[WORK TO BE COMPLETED]
Set down each line of the material that follows, exactly, with no pictures.

[SUPPLIED INFORMATION]
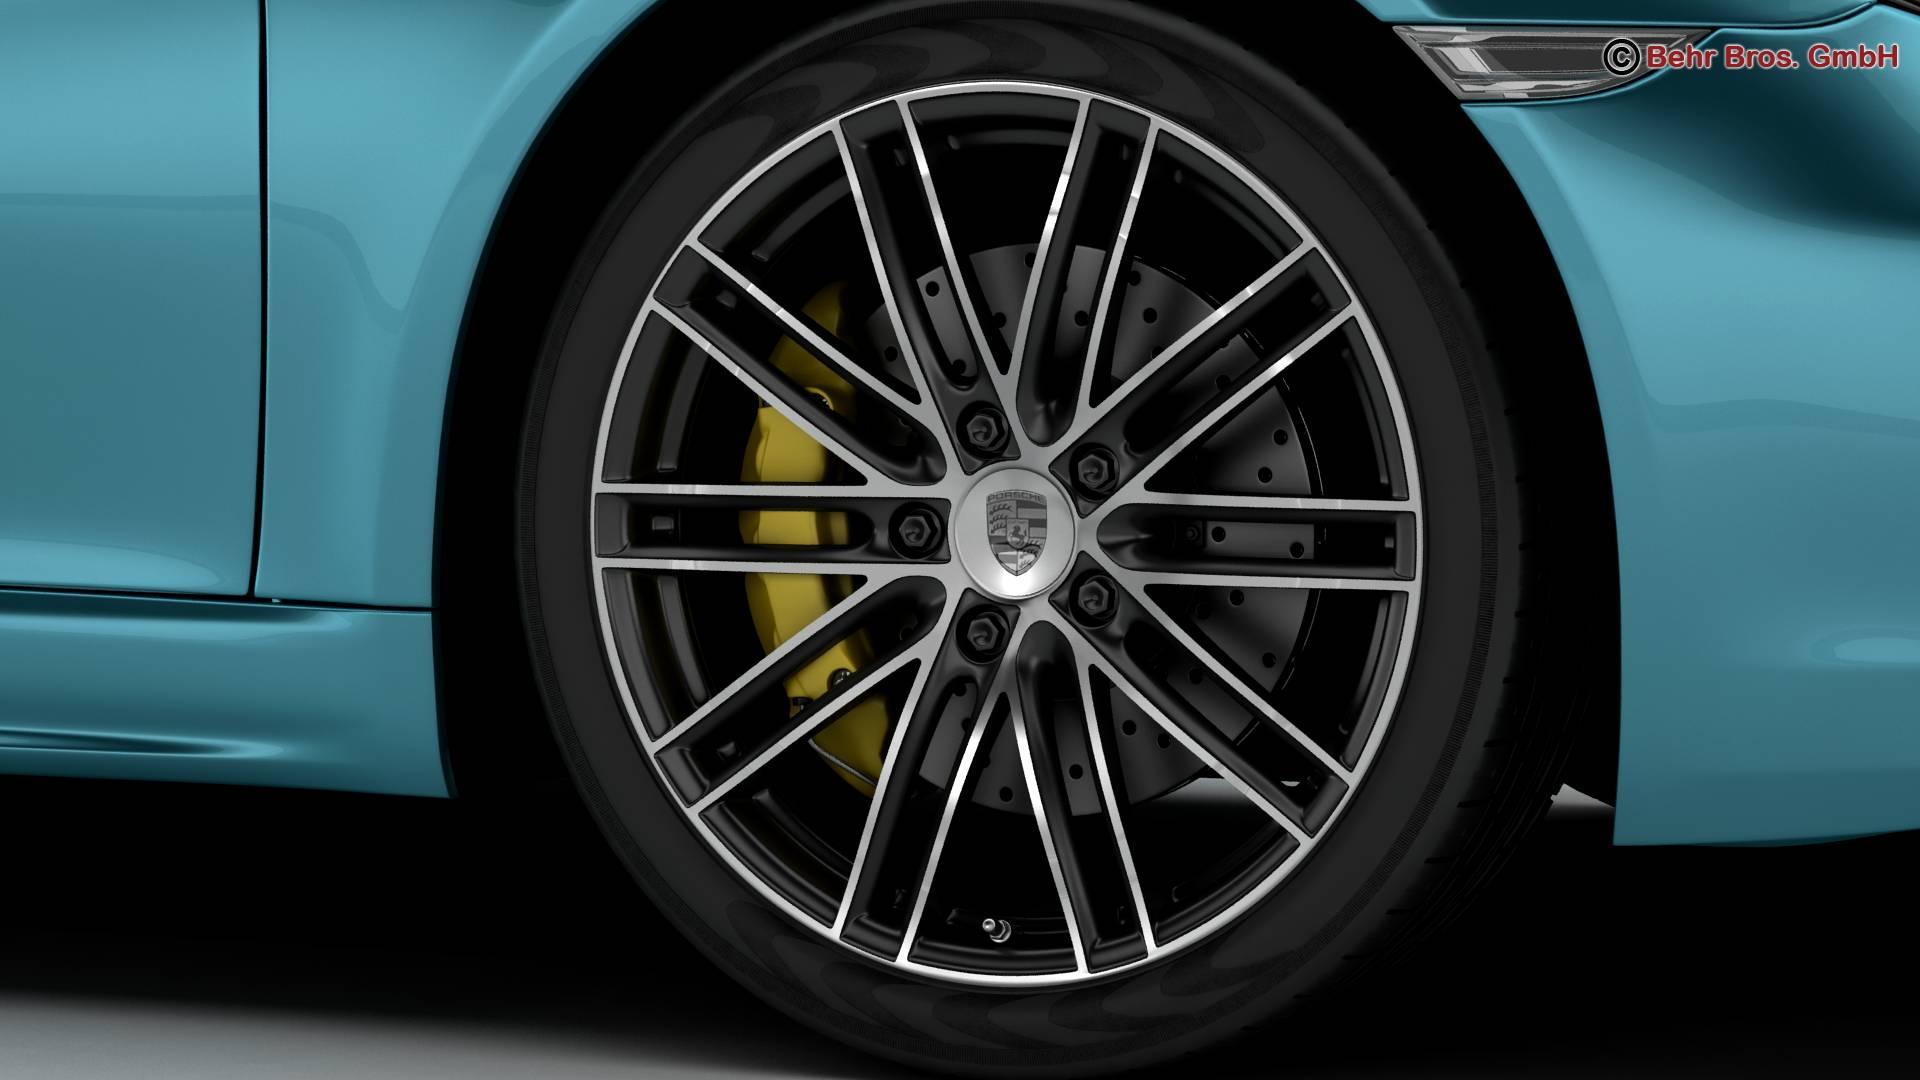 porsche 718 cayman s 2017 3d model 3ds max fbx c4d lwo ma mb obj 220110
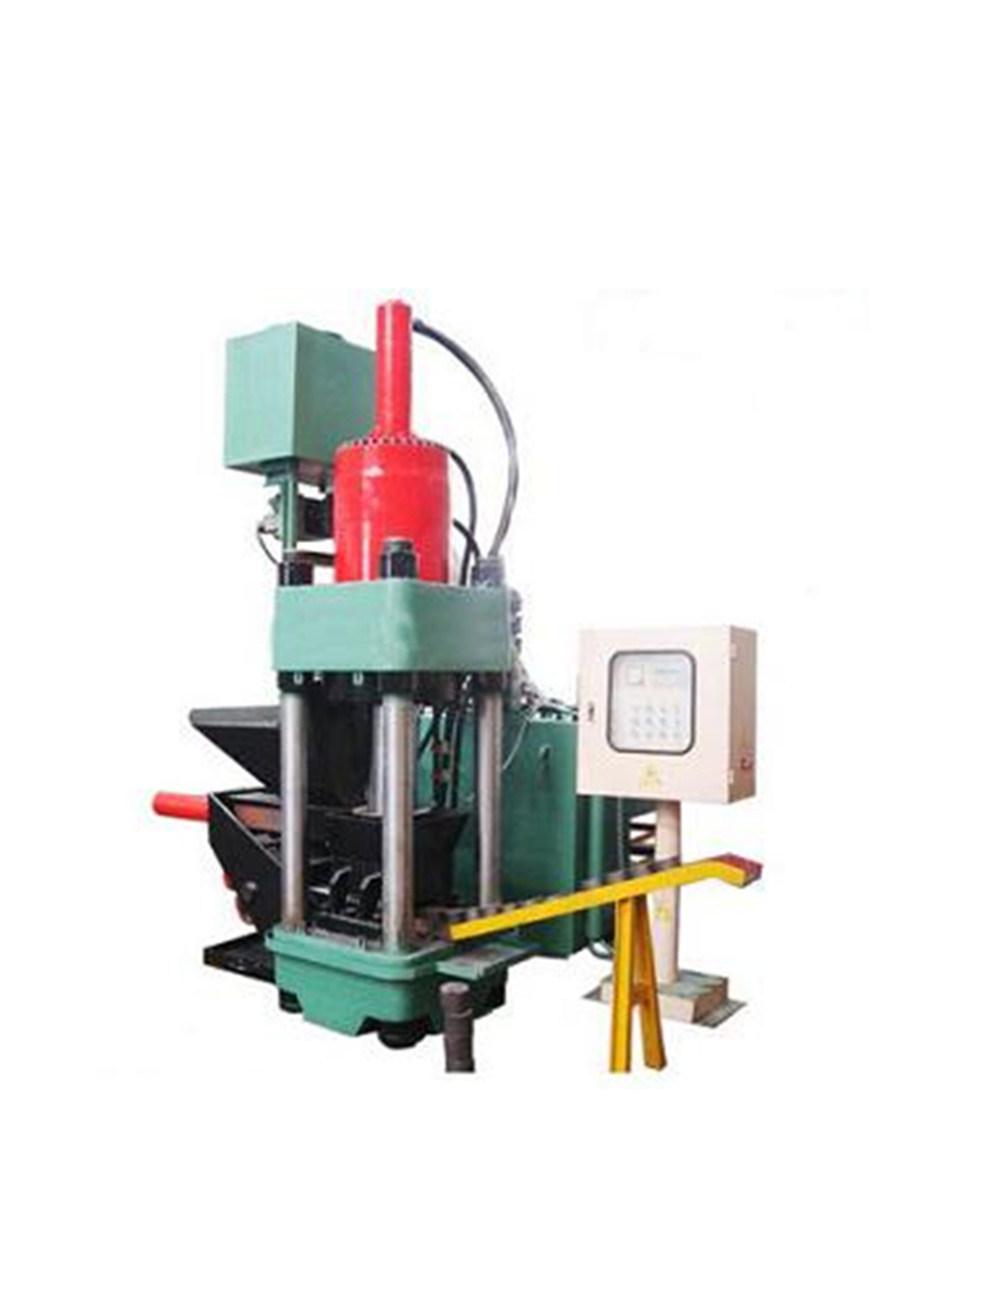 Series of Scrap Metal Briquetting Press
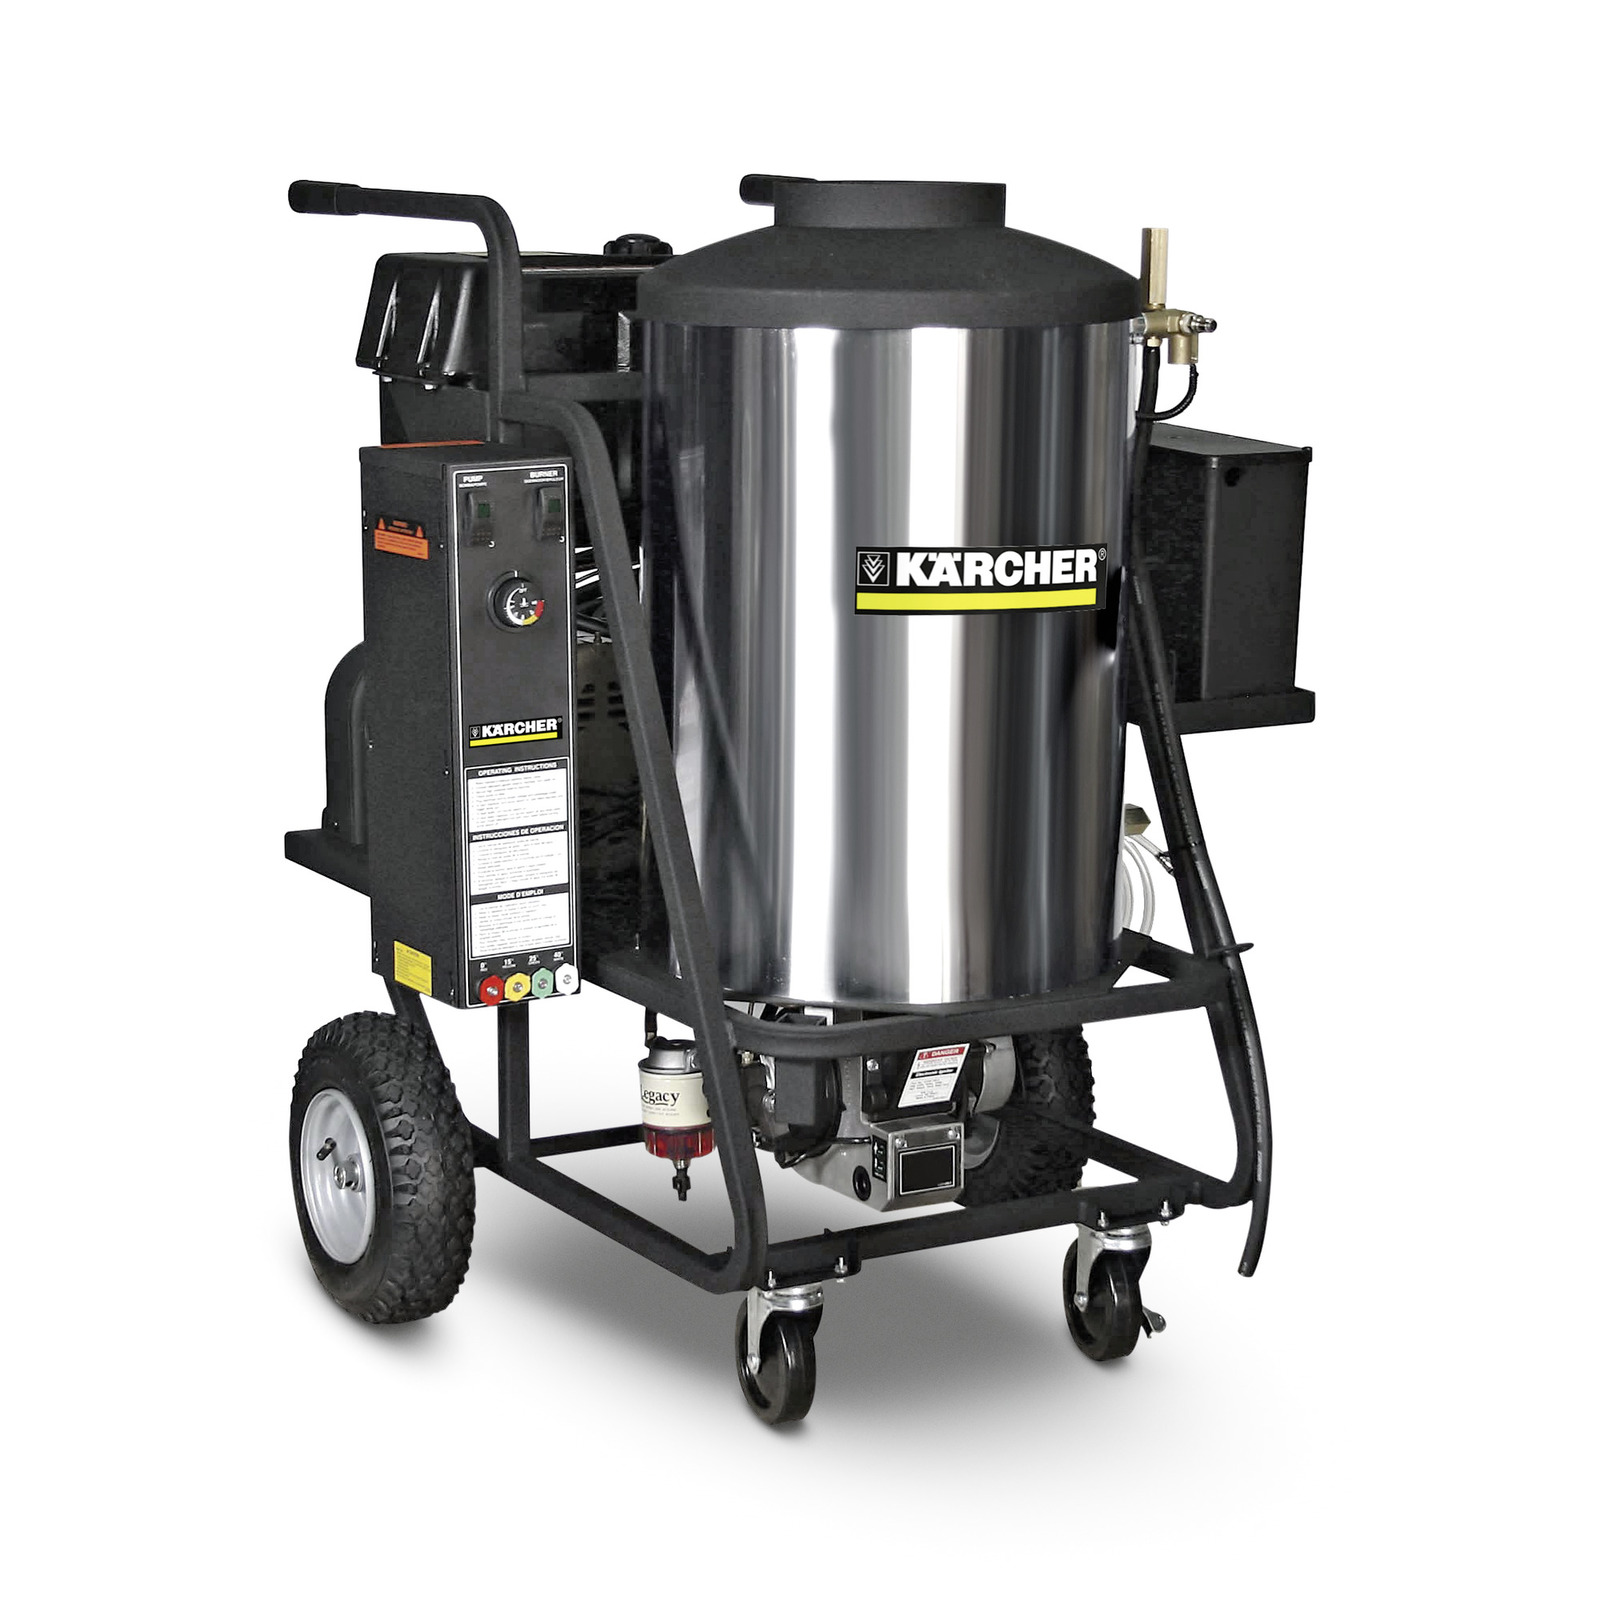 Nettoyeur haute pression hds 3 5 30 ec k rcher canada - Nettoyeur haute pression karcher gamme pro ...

[WRITTEN REPLY]
 porsche 718 cayman s 2017 3d model 3ds max fbx c4d lwo ma mb obj 220110
 Series of Scrap Metal Briquetting Press
 Nettoyeur haute pression hds 3 5 30 ec k rcher canada - Nettoyeur haute pression karcher gamme pro ...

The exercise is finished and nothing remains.